Shel nodded. “Yes, because they do not have true wisdom. I am concerned with what this man will do because he thinks it is ‘wise.’ Lukas has already received some strange letters from him and has had to undo portions of what the seer has done along Ra-Faal’s borders.”
“Yes, he mentioned that, but just briefly.”
For the next few minutes, Gray and Shel sat in silence. Shel fiddled with the book, while Gray considered the report he would give the king about a Dasken seer who was nearly as powerful as a prophet.
Eventually Shel remarked, “We know that in nine days, the assassin who murdered Tell’s father and brothers will arrive to finish the job.”
“If Gannon Dre’s gift is accurate.”
Shel grunted. “It is not the gift that should be called into question. It is his ability to use his gift. He needs wisdom and doesn’t have it.”
“Do you have any doubts concerning his information? You said he’s insane.”
“If he says an assassin is coming to kill Tell, then I say we need to take steps to ensure that does not happen.”
“What do you have in mind?”
Shel opened his mouth to answer but then paused.
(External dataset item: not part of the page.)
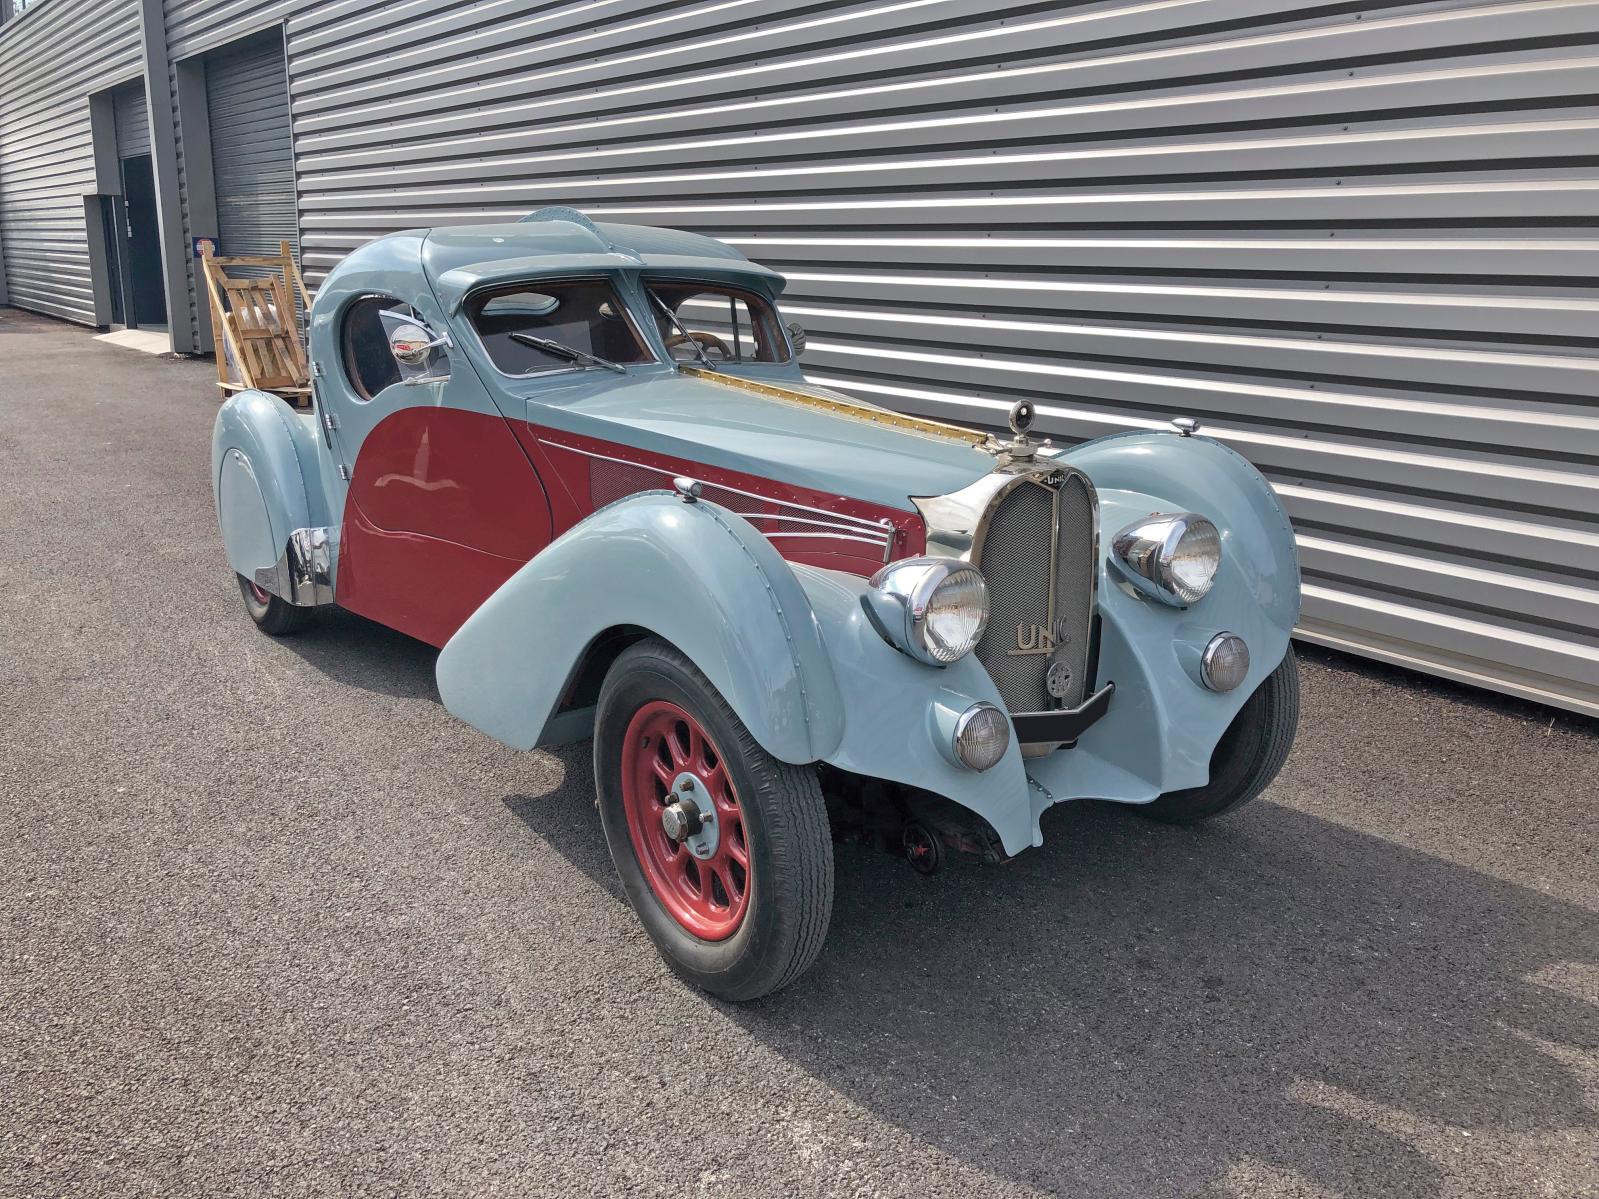 La Bugatti 57 Atlantic Evocation est le résultat d’un patient travail mené par un passionné… Sur le châssis d’une automobile Unic de 1931,

He looked at Gray closely and then made a noise in the back of his throat. “You already took steps, didn’t you?”
“Steps to do what?”
Shel laughed. “I know, I know—it’s the king’s business so you will tell me nothing! But if I know you at all, then I can say with confidence that you have taken one of your own men and assigned him to the remaining son of Tallus Rayme. So the boy is highly protected and has something that is rare anywhere on the continent, save for Theraine itself—he has an e’nethaine bodyguard. And in all likelihood, he has no idea. Because it’s the ‘king’s business.’”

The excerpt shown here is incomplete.